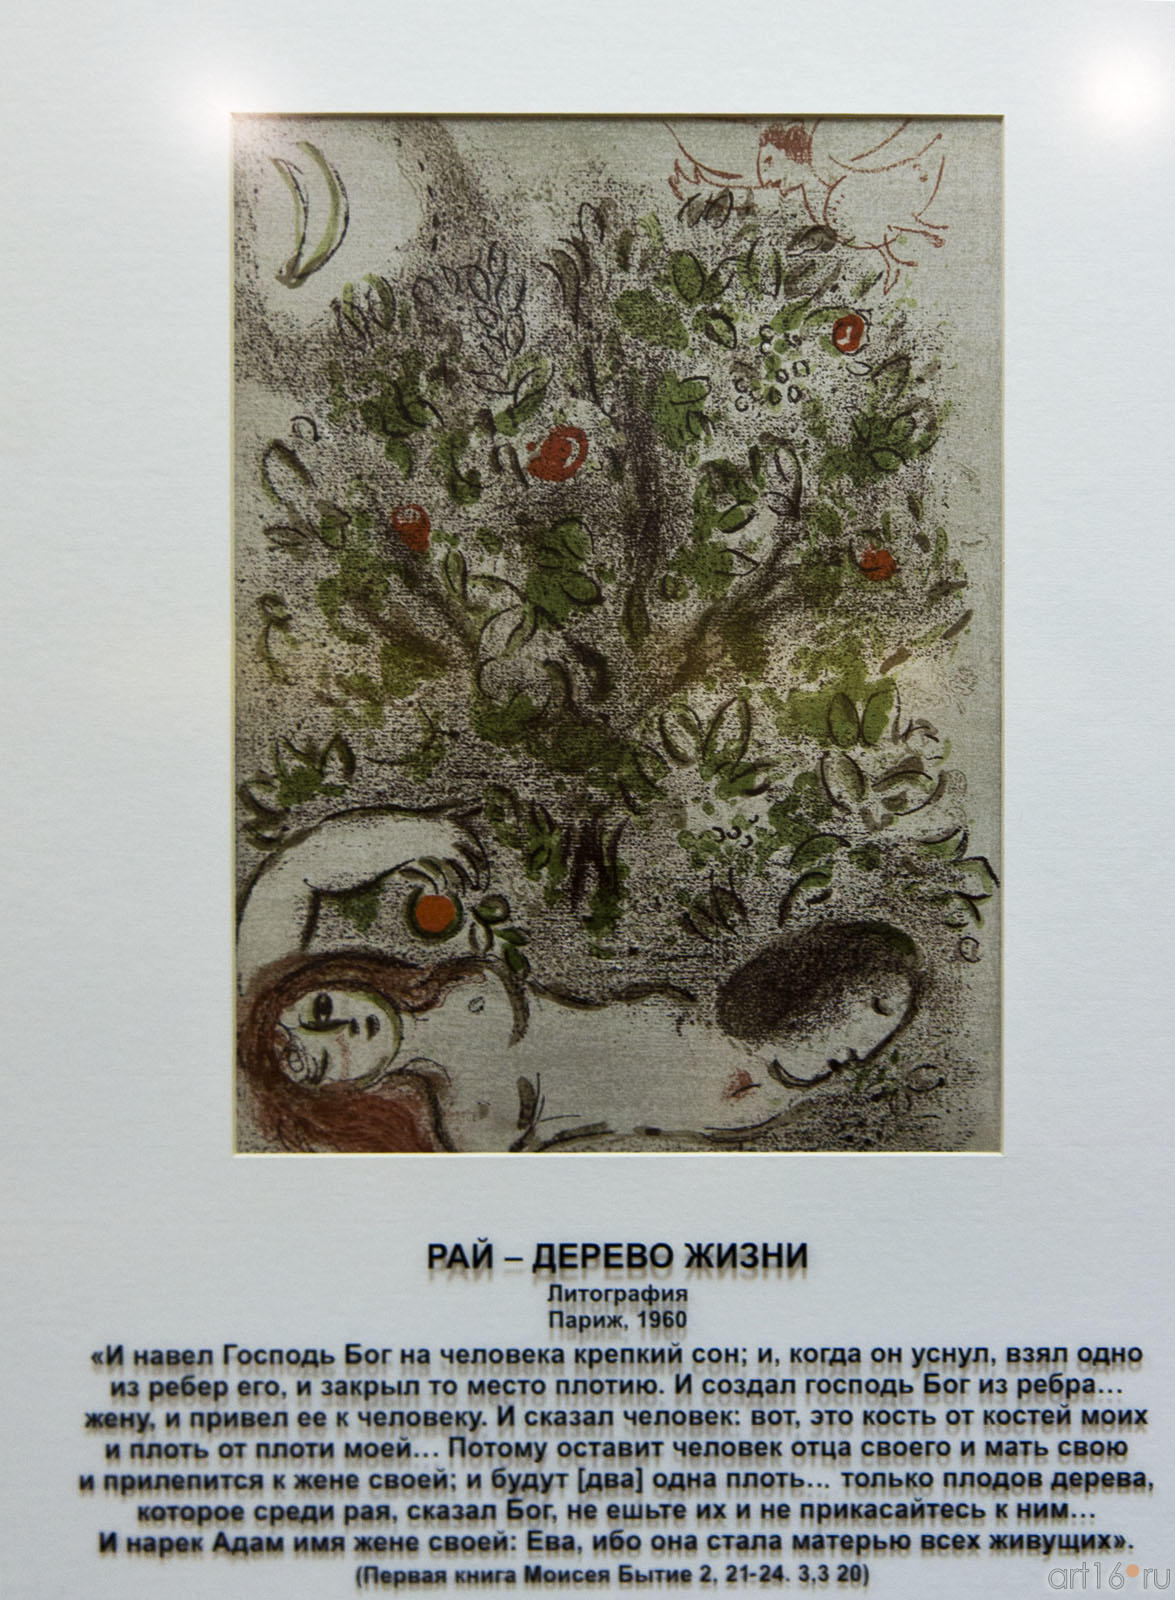 «Рай дерево жизни», Марк Шагал, литография, Париж, 1960::Марк Шагал «Библейские сюжеты»
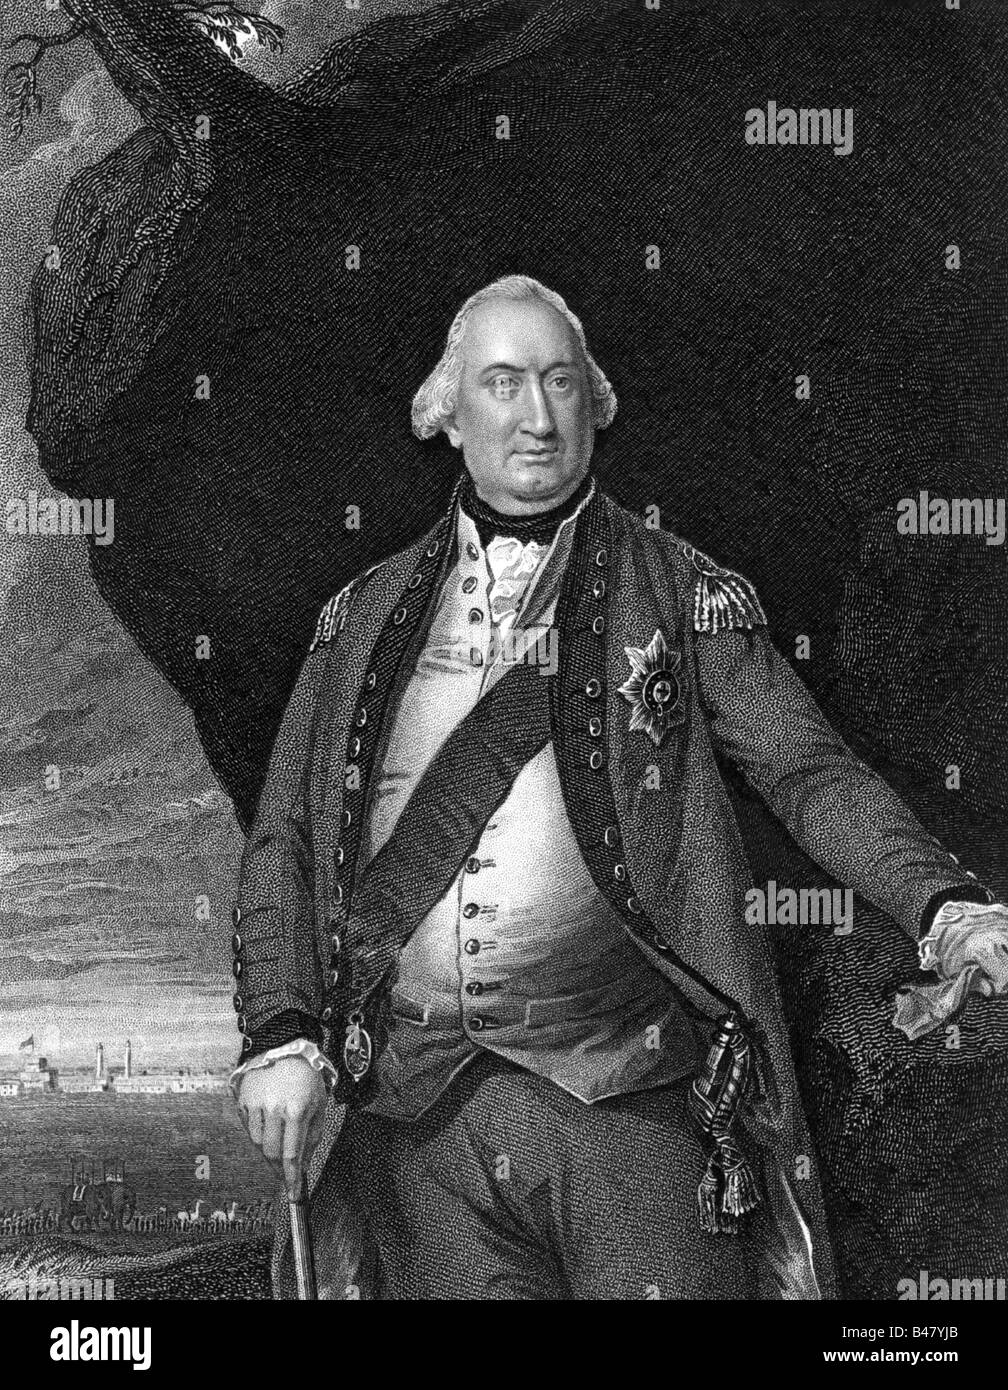 Cornwallis, Charles, 1er Marquis, 31.12.1738 - 5.10.1805, général et homme politique britannique, demi-longueur, gravure sur acier Par William Holl, début du xixe siècle, l'artiste a le droit d'auteur , de ne pas être effacé Banque D'Images
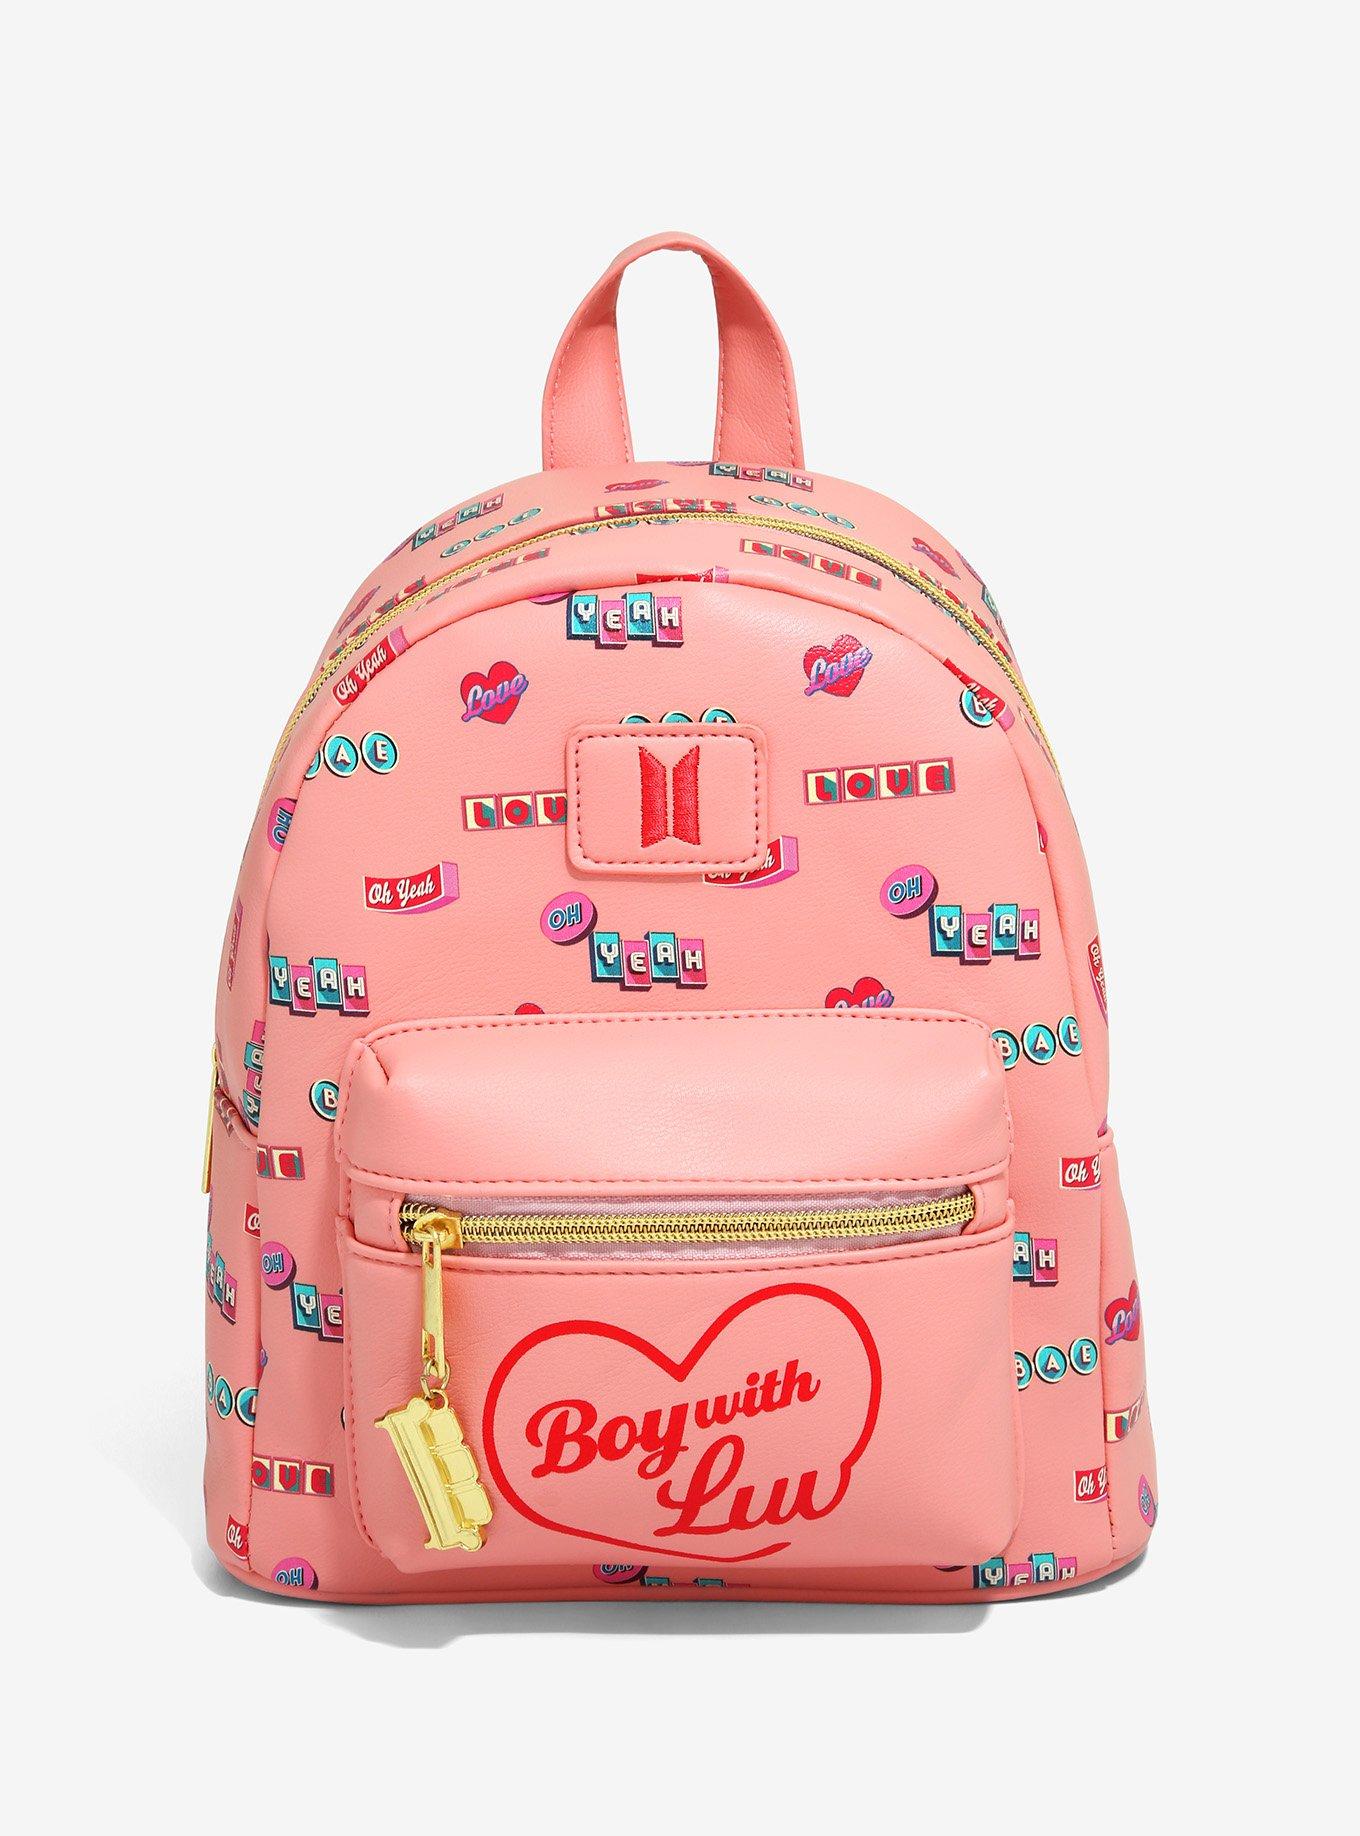 Bts School Bags

- [Your task]: Find the line containing "Cornwallis, Charles, 1er" in the listing above. Please restate word for word that line through the last one, leaving out the pictures.

- [Exercise solution]:
 Cornwallis, Charles, 1er Marquis, 31.12.1738 - 5.10.1805, général et homme politique britannique, demi-longueur, gravure sur acier Par William Holl, début du xixe siècle, l'artiste a le droit d'auteur , de ne pas être effacé Banque D'Images
 Bts School Bags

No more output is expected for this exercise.